What is Conflict-Based Search (CBS)?

Conflict-Based Search (CBS) is a foundational, optimal algorithm for the Multi-Agent Path Finding (MAPF) problem, designed to coordinate multiple agents in a shared workspace.

Conflict-Based Search (CBS) is a two-level, optimal search algorithm for Multi-Agent Path Finding (MAPF) that resolves conflicts between agents by imposing constraints and replanning individual paths. At the high level, it searches a constraint tree (CT) where each node contains a set of constraints and a solution. When a conflict (e.g., a vertex or edge conflict) is found in a solution, the algorithm generates child nodes by adding constraints that forbid that conflict for each involved agent, then replans their paths using a low-level single-agent path planner like A*.

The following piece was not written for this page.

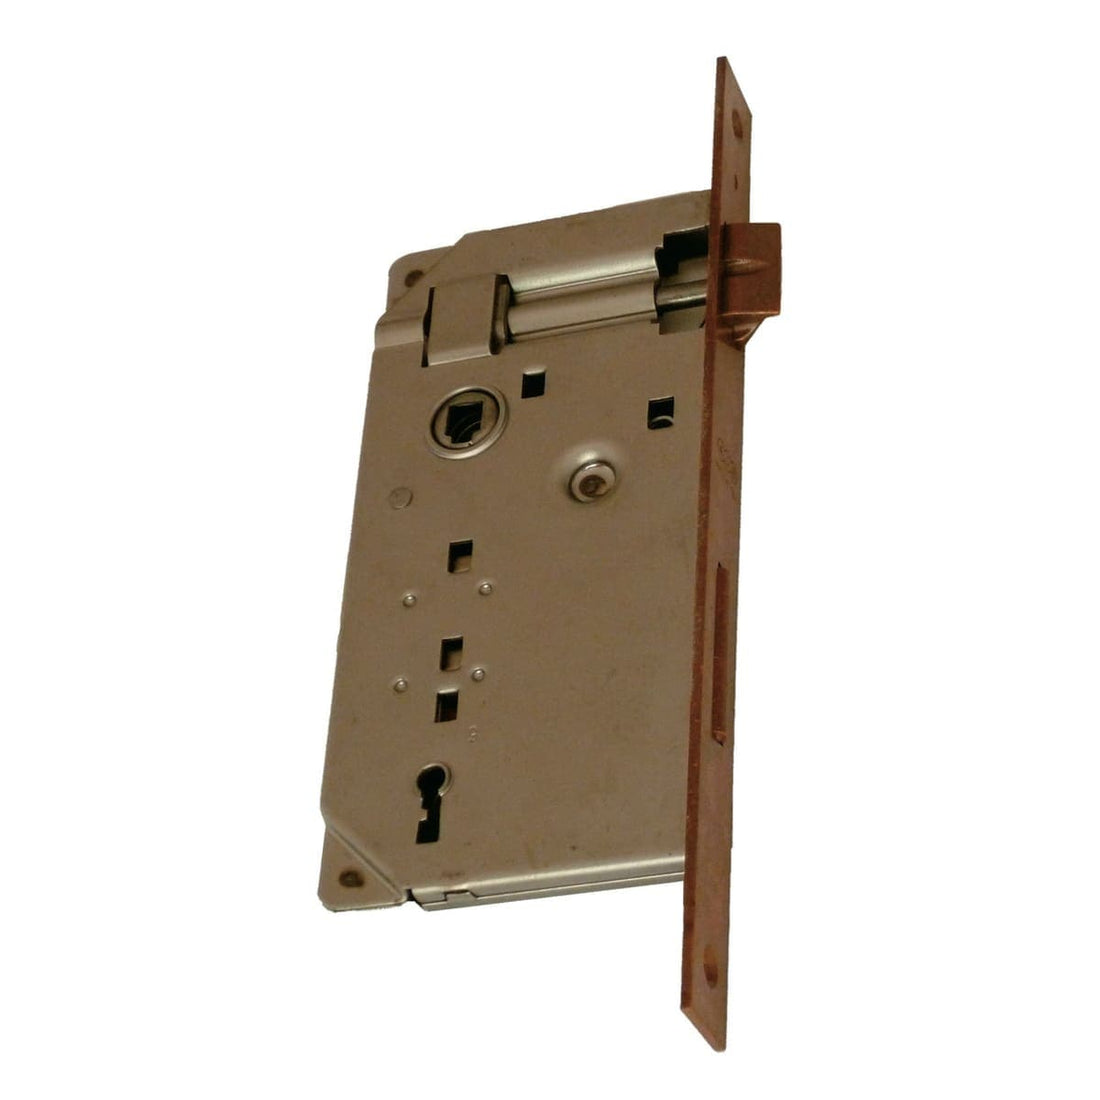 PATENT LOCK F22 CENTRE DISTANCE 90 MM ENTRY 50 MM BRONZE-PLATED STEEL SQUARE EDGE

The algorithm's power lies in its decoupled nature; it avoids searching the prohibitively large joint state space directly. Instead, it explores combinations of constraints, guaranteeing an optimal solution that minimizes the sum of costs (SOC) or makespan. CBS is a cornerstone for heterogeneous fleet orchestration, providing a structured framework for scalable, collision-free coordination of autonomous mobile robots and vehicles in logistics and warehousing.

ALGORITHM MECHANICS

Key Features of CBS

Conflict-Based Search (CBS) is a two-level, optimal algorithm for Multi-Agent Path Finding. Its architecture separates high-level constraint management from low-level single-agent planning, enabling systematic conflict resolution.

01

Two-Level Search Architecture

CBS operates on two distinct levels:

  • High-Level (Constraint Tree): A binary search tree where each node contains a set of constraints and a solution. The algorithm detects conflicts between agent paths in the current solution and branches by adding constraints to resolve them.
  • Low-Level (Single-Agent Planner): For each node in the constraint tree, a fast single-agent pathfinder (like A*) replans paths for individual agents, respecting all constraints imposed from above. This separation is fundamental, allowing CBS to avoid searching the prohibitively large joint state space directly.
02

Constraint-Based Conflict Resolution

Conflicts are the core driver of CBS's search. When two agents conflict (e.g., a vertex conflict at the same location/time), CBS does not replan arbitrarily. Instead, it generates child nodes with new constraints:

  • One child node gets a constraint preventing Agent A from being at the conflicting vertex at that time.
  • The other child gets a symmetric constraint for Agent B. The low-level planner is then invoked for the affected agent to find a new path that obeys the new constraint, often by waiting or taking a detour. This methodical branching ensures completeness and optimality.
03

Optimality Guarantee

CBS is provably optimal for minimizing the Sum of Costs (SOC). Optimality is achieved through the systematic exploration of the constraint tree:

  • The high-level search uses a priority queue (typically sorted by the SOC of the node's solution).
  • It always expands the node with the lowest current total cost.
  • Because constraints can only increase path costs (or leave them the same), the first node expanded that contains a conflict-free solution is guaranteed to have the minimum possible SOC. This makes CBS a best-first search over the space of possible constraint sets.
04

Multi-Value Decision Diagrams (MDDs)

Advanced CBS implementations use Multi-Value Decision Diagrams to enhance conflict detection and resolution. An MDD for an agent is a compact graph showing all possible optimal paths from start to goal within the current cost bound.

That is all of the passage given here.